The companies argued that to make their case, the government had to prove that the merger "will likely (not potentially or possibly) lessen competition substantially, in a video marketplace that is experiencing revolutionary, unstoppable transformation and growth in competition at all levels."
Rather than "concrete evidence" based on "real world experience," Justice based its case on "conjured crystal-ball prognostications," they said.
The government's own witness had conceded during the trial that its cost model was off, a point the companies drilled down on in their comments.
"The government itself conceded that the merger would cause prices to go down for millions of AT&T customers nationwide," they told the court. "The government’s own 'bargaining model' likewise showed a price decrease for all consumers once the correct data were employed."

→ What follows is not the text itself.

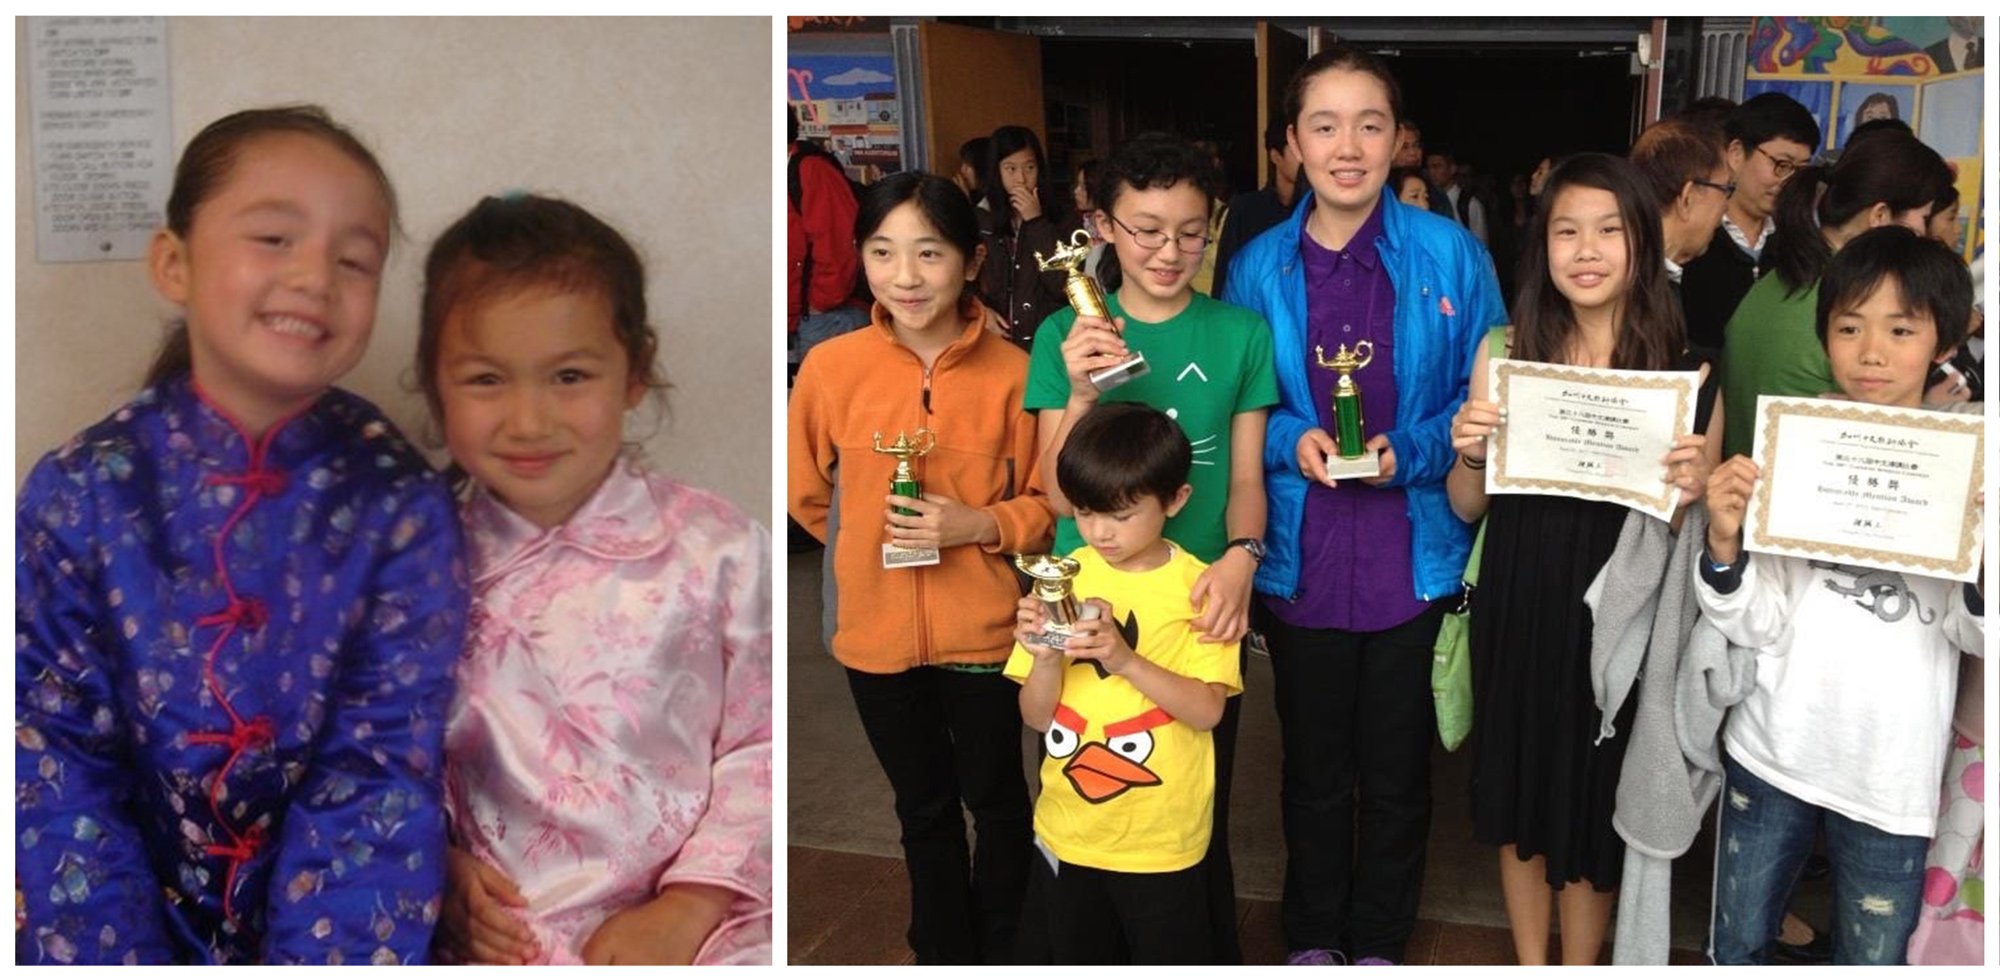 Early photos of Ashley at INTL in the Chinese Language Immersion Program including winning an award

AT&T and Time Warner argued throughout the trial, and before it, that the merger would boost competition, because that competition was coming from increasingly powerful edge providers like Facebook, Amazon, Netflix and Google.
Justice had argued that "AT&T would use Time Warner’s Turner content as a 'weapon' against rival distributors by threatening to withhold it during bargaining, thereby forcing them to pay higher prices," and was unconvinced by the company's offer of behavioral conditions including an enforceable pledge to provide nondiscriminatory access and submit to arbitration for any disputes.
Antitrust chief Makan Delrahim had signaled before the trial and shortly before Justice filed suit that he thought structural conditions--like the HBO and CNN spin-offs Justice sought, though he did not cite the merger--could be more effective than behavioral remedies--say mandatory nondiscriminatory access to Turner programming--which he likened to an attempt to make an illegal transaction legal through ongoing conditions that were hard to enforce.
But the companies told the court that after the government conceded that Turner would not, in fact, withhold content post-merger, it was left to fall back on "predictable" complaints from rivals, complaints AT&T-Time Warner said stemmed from those complainants' desire to avoid competition the merger would create, which is why antitrust analysis gives such complaints short shrift, they said.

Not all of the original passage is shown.